The inflation quote was announced by France’s statistics authority on Good Friday. Consumer prices rose 2.3 percent annually, down from 3.2 percent in February and well below the 2.8 percent expected in a Reuters poll of economists. Above all, food prices were responsible for the slowdown.
On a monthly basis, the price increase rate fell from 0.9 percent higher prices between January and February to a 0.3 percent increase in March compared to February.
France is the eurozone second only to Germany largest economy, and later on Good Friday morning – at 11 – inflation statistics were reported from the third, Italy. Here, too, the outcome was slightly better than expected: plus 1.3 percent in March, measured in EU-harmonized consumer price increases, against an expected 1.5 percent according to Bloomberg.
The French figures seem to strengthen the market’s belief that the ECB will start lowering the key interest rate in June from the current level of 4 percent, wrote Financial Times between the French and Italian publications.
It can also conceivably happen already at the next meeting, on April 11, according to what France’s central bank governor reasoned about in a speech on Thursday that the newspaper reproduces. In that case, this is on the condition that inflation continues to decrease faster than forecast, something that thus seems to have happened. Also in Spain, inflation statistics came in slightly lower than expected on Wednesday.

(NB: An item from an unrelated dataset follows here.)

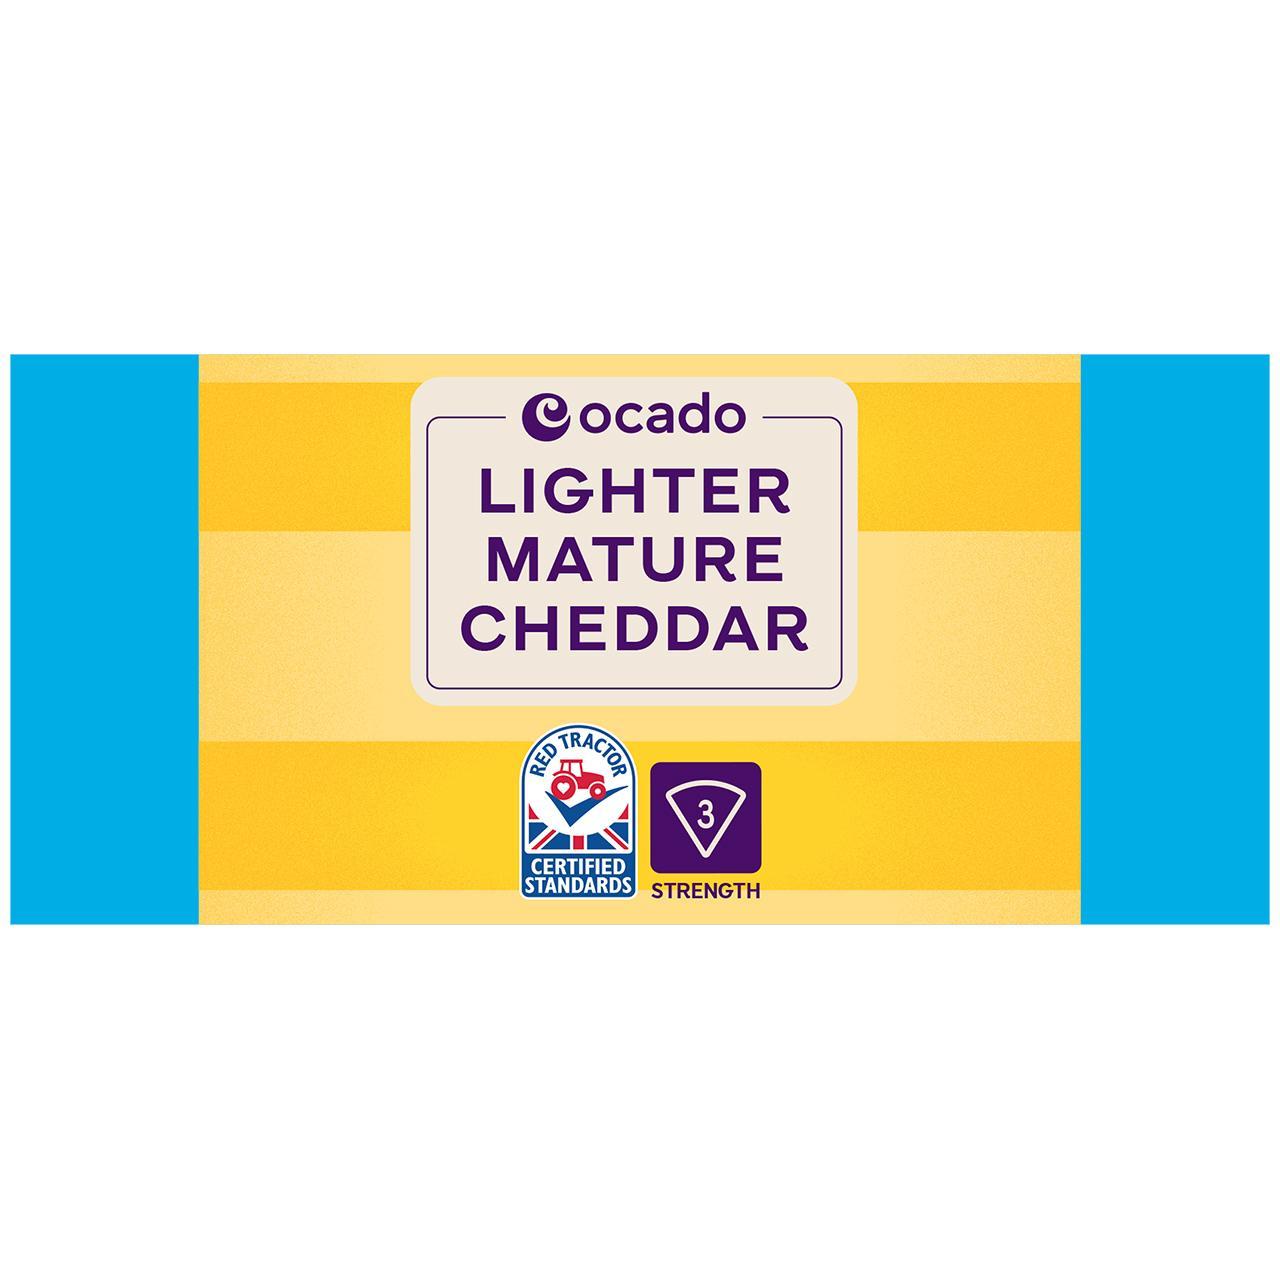 Ocado Lighter Mature Cheddar

According to the FT, however, what worries the rate-setters at the ECB is the rate of wage growth in the labor-intensive service sector, which was 3.9 percent in February. Headline inflation in the euro zone in February was 2.6 percent, eight percentage points lower than the peak of 10.6 percent in October 2022 but still higher than the target level of 2.0 percent.

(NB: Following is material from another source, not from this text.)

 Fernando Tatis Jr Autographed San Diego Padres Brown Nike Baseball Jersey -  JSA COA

Macroeconomist Andreas Steno Larsen joins the French central bank governor in comments on X (formerly Twitter) on Good Friday morning, noting that seasonally adjusted French March inflation was the lowest since before the pandemic.
“Is an April reduction from the ECB on the cards?”, he writes, calling the statistics “very dovish”.
Analysfirman Oxford Economics on the other hand, considers a reduction in April unlikely, despite today’s data from both France and Italy suggesting that inflation continues to slow down, with above all a cooling of food price inflation.
“Eurozone inflation statistics will be released next week and offer a clearer picture, but we still believe it is unlikely that a rate cut will be on the table at the next ECB meeting in April,” writes the think tank’s Milan-based senior economist Paolo Grignani in a commentary published just before lunchtime on Good Friday, without elaborating on the matter further.